***** Material provided *****

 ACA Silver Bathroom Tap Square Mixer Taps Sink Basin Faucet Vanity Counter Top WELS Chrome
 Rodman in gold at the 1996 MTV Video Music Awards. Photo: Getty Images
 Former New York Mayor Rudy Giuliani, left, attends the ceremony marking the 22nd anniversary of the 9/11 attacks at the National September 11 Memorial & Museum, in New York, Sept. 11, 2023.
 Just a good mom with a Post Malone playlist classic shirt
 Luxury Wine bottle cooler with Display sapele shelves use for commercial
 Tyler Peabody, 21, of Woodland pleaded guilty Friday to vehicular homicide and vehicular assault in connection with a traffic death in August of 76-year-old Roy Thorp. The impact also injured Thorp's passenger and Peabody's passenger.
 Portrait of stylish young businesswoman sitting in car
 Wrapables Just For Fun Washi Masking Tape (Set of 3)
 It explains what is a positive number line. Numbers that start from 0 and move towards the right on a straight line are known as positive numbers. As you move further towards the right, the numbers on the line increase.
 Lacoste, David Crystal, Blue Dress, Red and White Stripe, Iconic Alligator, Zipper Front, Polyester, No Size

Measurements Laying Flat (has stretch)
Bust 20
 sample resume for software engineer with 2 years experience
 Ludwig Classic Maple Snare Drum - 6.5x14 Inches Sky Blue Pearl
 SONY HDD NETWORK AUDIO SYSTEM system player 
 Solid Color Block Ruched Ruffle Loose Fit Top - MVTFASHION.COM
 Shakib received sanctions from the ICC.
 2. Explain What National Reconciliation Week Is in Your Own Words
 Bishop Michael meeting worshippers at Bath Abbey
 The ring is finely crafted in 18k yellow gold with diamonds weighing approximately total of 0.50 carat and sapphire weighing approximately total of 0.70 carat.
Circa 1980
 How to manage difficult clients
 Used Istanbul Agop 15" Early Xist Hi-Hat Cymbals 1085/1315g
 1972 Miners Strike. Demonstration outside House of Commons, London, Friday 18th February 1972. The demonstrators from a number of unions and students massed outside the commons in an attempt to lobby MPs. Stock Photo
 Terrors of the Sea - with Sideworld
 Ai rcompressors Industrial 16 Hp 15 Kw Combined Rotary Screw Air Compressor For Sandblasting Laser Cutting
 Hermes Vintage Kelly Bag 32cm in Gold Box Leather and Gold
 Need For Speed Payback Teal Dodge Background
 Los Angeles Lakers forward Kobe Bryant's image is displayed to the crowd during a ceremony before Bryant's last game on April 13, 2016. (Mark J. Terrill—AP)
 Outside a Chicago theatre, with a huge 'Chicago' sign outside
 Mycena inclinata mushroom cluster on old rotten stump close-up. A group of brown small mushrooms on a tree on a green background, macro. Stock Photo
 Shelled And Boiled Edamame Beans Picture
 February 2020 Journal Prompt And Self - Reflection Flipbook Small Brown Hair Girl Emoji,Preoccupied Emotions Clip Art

*****

# About this task
Restate the records word for word, leaving nothing out.

# Response box
 ACA Silver Bathroom Tap Square Mixer Taps Sink Basin Faucet Vanity Counter Top WELS Chrome
 Rodman in gold at the 1996 MTV Video Music Awards. Photo: Getty Images
 Former New York Mayor Rudy Giuliani, left, attends the ceremony marking the 22nd anniversary of the 9/11 attacks at the National September 11 Memorial & Museum, in New York, Sept. 11, 2023.
 Just a good mom with a Post Malone playlist classic shirt
 Luxury Wine bottle cooler with Display sapele shelves use for commercial
 Tyler Peabody, 21, of Woodland pleaded guilty Friday to vehicular homicide and vehicular assault in connection with a traffic death in August of 76-year-old Roy Thorp. The impact also injured Thorp's passenger and Peabody's passenger.
 Portrait of stylish young businesswoman sitting in car
 Wrapables Just For Fun Washi Masking Tape (Set of 3)
 It explains what is a positive number line. Numbers that start from 0 and move towards the right on a straight line are known as positive numbers. As you move further towards the right, the numbers on the line increase.
 Lacoste, David Crystal, Blue Dress, Red and White Stripe, Iconic Alligator, Zipper Front, Polyester, No Size

Measurements Laying Flat (has stretch)
Bust 20
 sample resume for software engineer with 2 years experience
 Ludwig Classic Maple Snare Drum - 6.5x14 Inches Sky Blue Pearl
 SONY HDD NETWORK AUDIO SYSTEM system player 
 Solid Color Block Ruched Ruffle Loose Fit Top - MVTFASHION.COM
 Shakib received sanctions from the ICC.
 2. Explain What National Reconciliation Week Is in Your Own Words
 Bishop Michael meeting worshippers at Bath Abbey
 The ring is finely crafted in 18k yellow gold with diamonds weighing approximately total of 0.50 carat and sapphire weighing approximately total of 0.70 carat.
Circa 1980
 How to manage difficult clients
 Used Istanbul Agop 15" Early Xist Hi-Hat Cymbals 1085/1315g
 1972 Miners Strike. Demonstration outside House of Commons, London, Friday 18th February 1972. The demonstrators from a number of unions and students massed outside the commons in an attempt to lobby MPs. Stock Photo
 Terrors of the Sea - with Sideworld
 Ai rcompressors Industrial 16 Hp 15 Kw Combined Rotary Screw Air Compressor For Sandblasting Laser Cutting
 Hermes Vintage Kelly Bag 32cm in Gold Box Leather and Gold
 Need For Speed Payback Teal Dodge Background
 Los Angeles Lakers forward Kobe Bryant's image is displayed to the crowd during a ceremony before Bryant's last game on April 13, 2016. (Mark J. Terrill—AP)
 Outside a Chicago theatre, with a huge 'Chicago' sign outside
 Mycena inclinata mushroom cluster on old rotten stump close-up. A group of brown small mushrooms on a tree on a green background, macro. Stock Photo
 Shelled And Boiled Edamame Beans Picture
 February 2020 Journal Prompt And Self - Reflection Flipbook Small Brown Hair Girl Emoji,Preoccupied Emotions Clip Art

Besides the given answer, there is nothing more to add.